How would you efficiently represent this kind of time-dependent graph and find a route? There is no need for a provably optimal solution; if the traveler wanted to be on time, they would buy a car. ;-)
[1] A wonderful algorithm to mention in an example because everyone's heard of it, though A* is a likelier choice for this application.
I have been involved in development of one journy planner system for Stockholm Public Transportation in Sweden. It was based on Djikstra's algorithm but with termination before every node was visited in the system. Today when there are reliable coordinates available for each stop, I guess the A* algorithm would be the choise.
Data about upcoming trafic was extracted from several databases regularly and compiled into large tables loaded into memory of our search server cluster.

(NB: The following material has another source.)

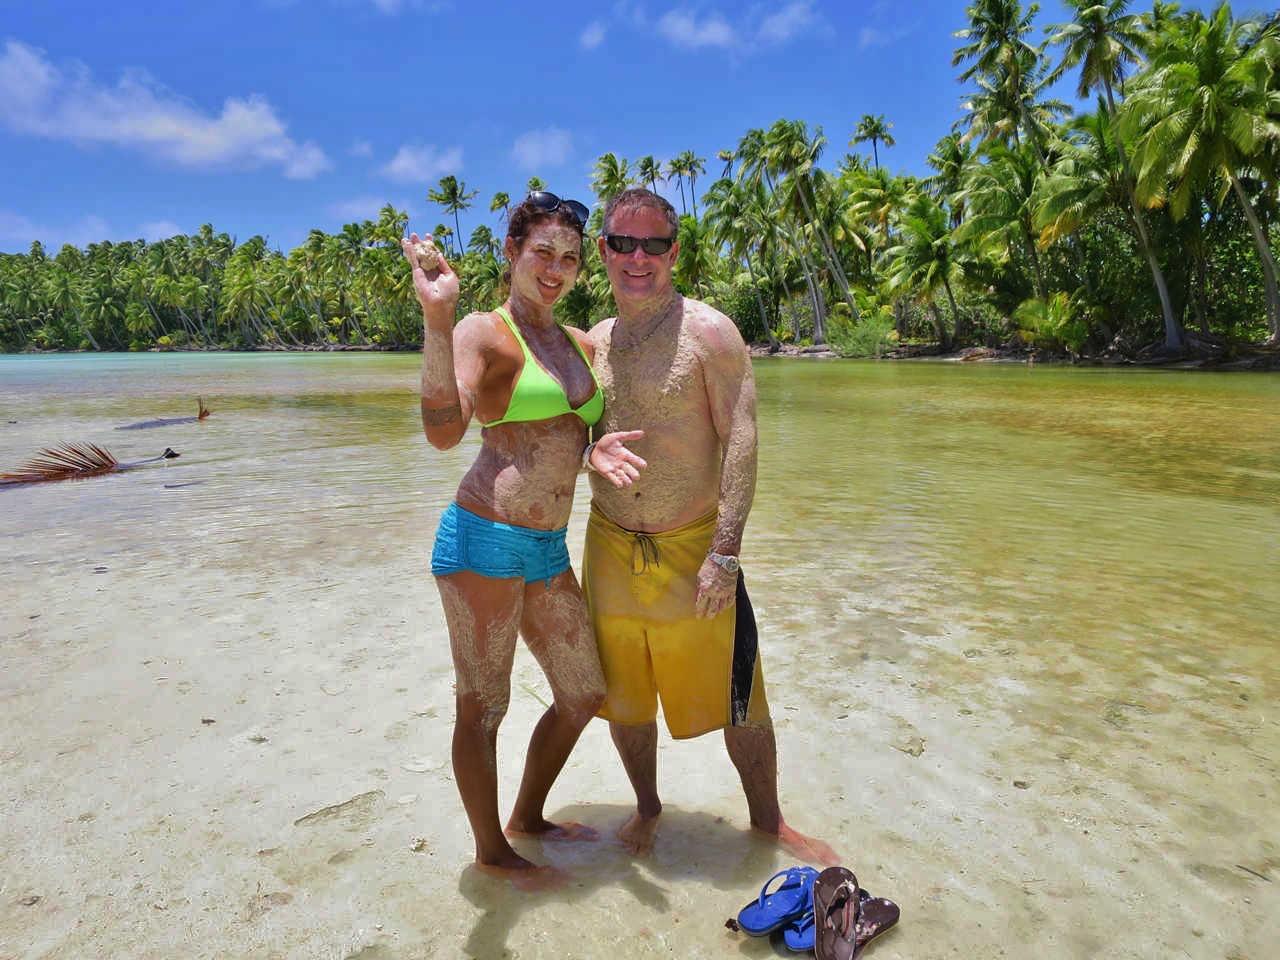 Tumi, Marlon Brando's grand daughter and Eric taking a mud bath at Motu Oroatera

One key to a sucessfull algorith was using a path cost function based on travel and waiting time multiplied by diffrent weightes. Known in Swedish as “kresu"-time these weighted times reflect the fact that, for example, one minute’s waiting time is typically equivalent in “inconvenience” to two minutes of travelling time.
KRESU Weight table
x1 - Travel time
x2 - Walking between stops
x2 - Waiting at a stop
during the journey. Stops under roof,
with shops, etc can get a slightly
lower weight and crowded stations a
higher to tune the algorithm.
The weight for the waiting time at the first stop is a function of trafic intensity and can be between 0.5 to 3.
Data structure
Area
A named area where you journey can start or end. A Bus Stop could be an area with two Stops. A larger Station with several platforms could be one area with one stop for each platform.
Data: Name, Stops in area
Stops
An array with all bus stops, train and underground stations. Note that you usually need two stops, one for each direction, because it takes some time to cross the street or walk to the other platform.
Data: Name, Links, Nodes
Links
A list with other stops you can reach by walking from this stop.
Data: Other Stop, Time to walk to other Stop
Lines/Tours
You have a number on the bus and a destination. The bus starts at one stop and passes several stops on its way to the destination.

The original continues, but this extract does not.